The best part about making simple sauces and spreads like these are their amazing versatility. For time-saving purposes, we sliced a roasted rotisserie chicken as our protein. However, this healthy pesto recipe is great on top of salmon, pork, or pasta, as well as a perfect compliment to add to any leafy salad. If you follow the vegan lifestyle, simply follow the recipe as listed and leave out the cheese.

roasted broccoli avocado pesto pasta

How To Make Your Own Homemade Pesto At Home

What? Make your own! Yes, you can and should!
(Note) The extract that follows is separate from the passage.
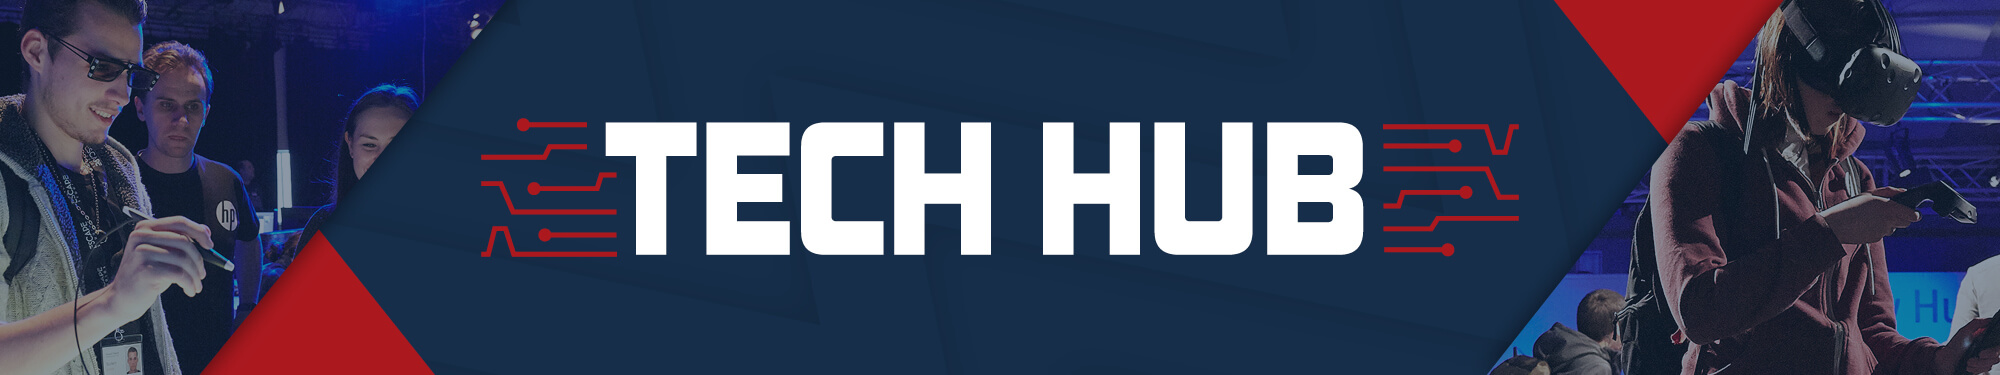 Tech Hub header - red and blue logo with people using VR either side

It is seriously simple and an easy way to cut down on added fat and calories, simply by making a few tweaks of your own.

Everything You Need to Make Your Own Avocado Pesto At Home

The secret to our healthier version of homemade pesto is to substitute in a few avocados. Avocados are full of heart-healthy monounsaturated fats and just as delicious. This is the basis for our healthy avocado pesto, but, as you will see below, you can spice it up and make it your own by adding in parmesan, arugula, or even olives!

Ingredients:

  • 3 cups spinach

  • 1 cup chopped basil

  • 3 teaspoons minced garlic

  • 2 avocados

  • 1/4 olive oil (or avocado oil)

  • 1/2 lemon, squeezed. (Optional: add some zest!)
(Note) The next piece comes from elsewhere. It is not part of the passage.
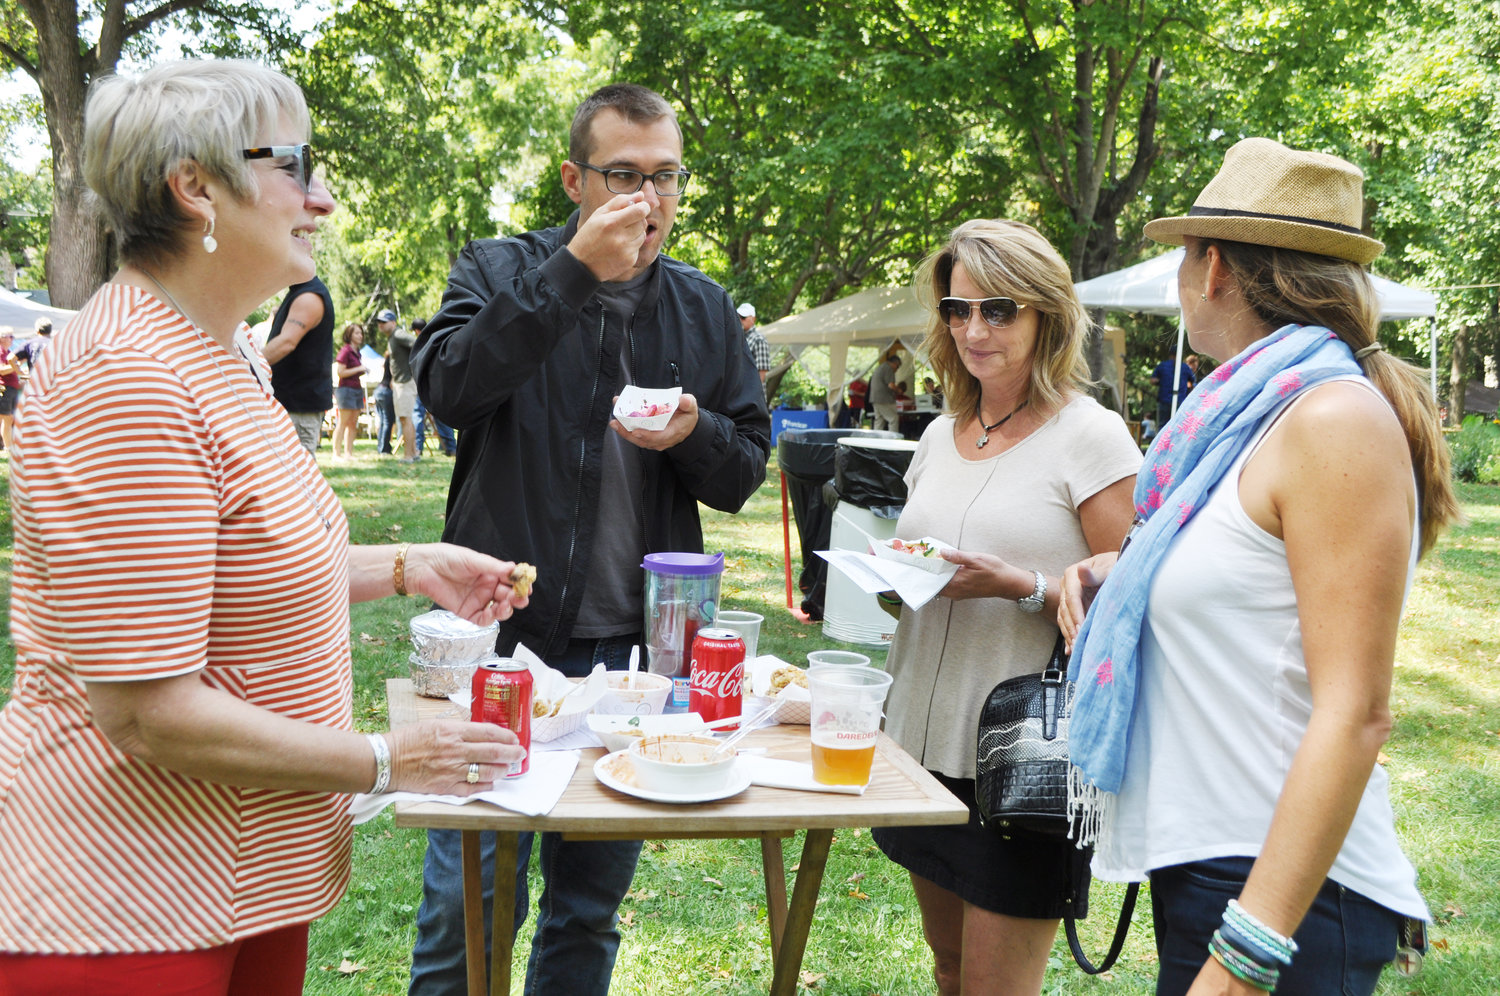 Rees Olander, left, visits with family members Emerson Olander, Sara Olander and Megal Olander at Taste of Montgomery County on the grounds of the General Lew Wallace Study & Museum.

  • Salt & pepper to taste

How to Make Homemade Avocado Pesto

  1. Add avocados, minced garlic, oil, and lemon juice to food processor. Puree on high.
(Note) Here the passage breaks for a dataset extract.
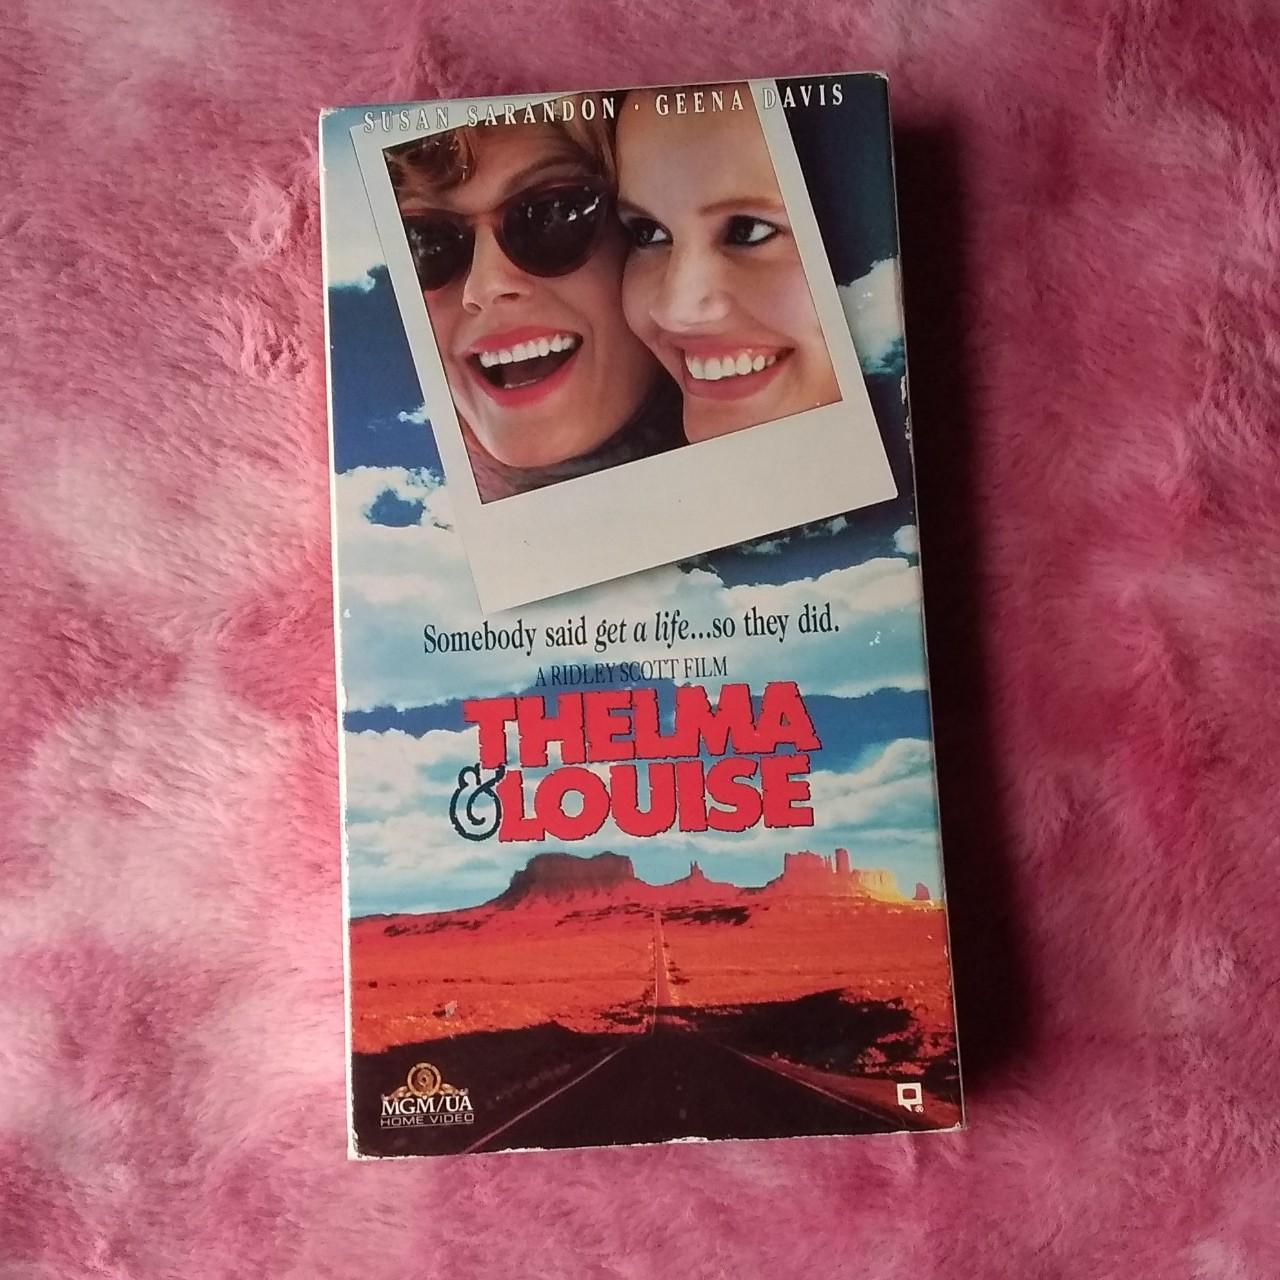 Thelma and Louise inspired best friend bag - Depop

  2. Slowly add basil and spinach to taste.

  3. Finish with a sprinkle of salt and pepper.

That’s it! Couldn’t be simpler if we tried!

Now, with pesto ready, let’s get to working on making this roasted broccoli pasta dish!

Everything You Need to Make Roasted Broccoli Avocado Pesto Pasta

  • Broccoli. It wouldn’t be a roasted broccoli pasta without the broccoli.

  • Garlic. The basis of any good dish.

  • Olive Oil. Just a bit to help sauté our vegetables.

  • Whole Wheat Pasta. A hearty (and healthy!) pasta option. For this recipe, we used spaghetti, but use your favorite pasta.

  • Rotisserie Chicken. Chicken is our choice of protein.

  • Kalamata Olives. Fruity and tangy, the olives give the pasta a pop of flavor.

  • Mushrooms. More vegetable options and added texture.

  • Avocado. To add creaminess.

  • Baby Arugula. The peppery taste of fresh greens.

  • Almonds. To add a bit of robust flavor to our standard pesto recipe.

  • Pecorino Romano. A perfect hard cheese for the top.

  • Lemon. A simple squeeze of lemon juice and zest to balance the pesto.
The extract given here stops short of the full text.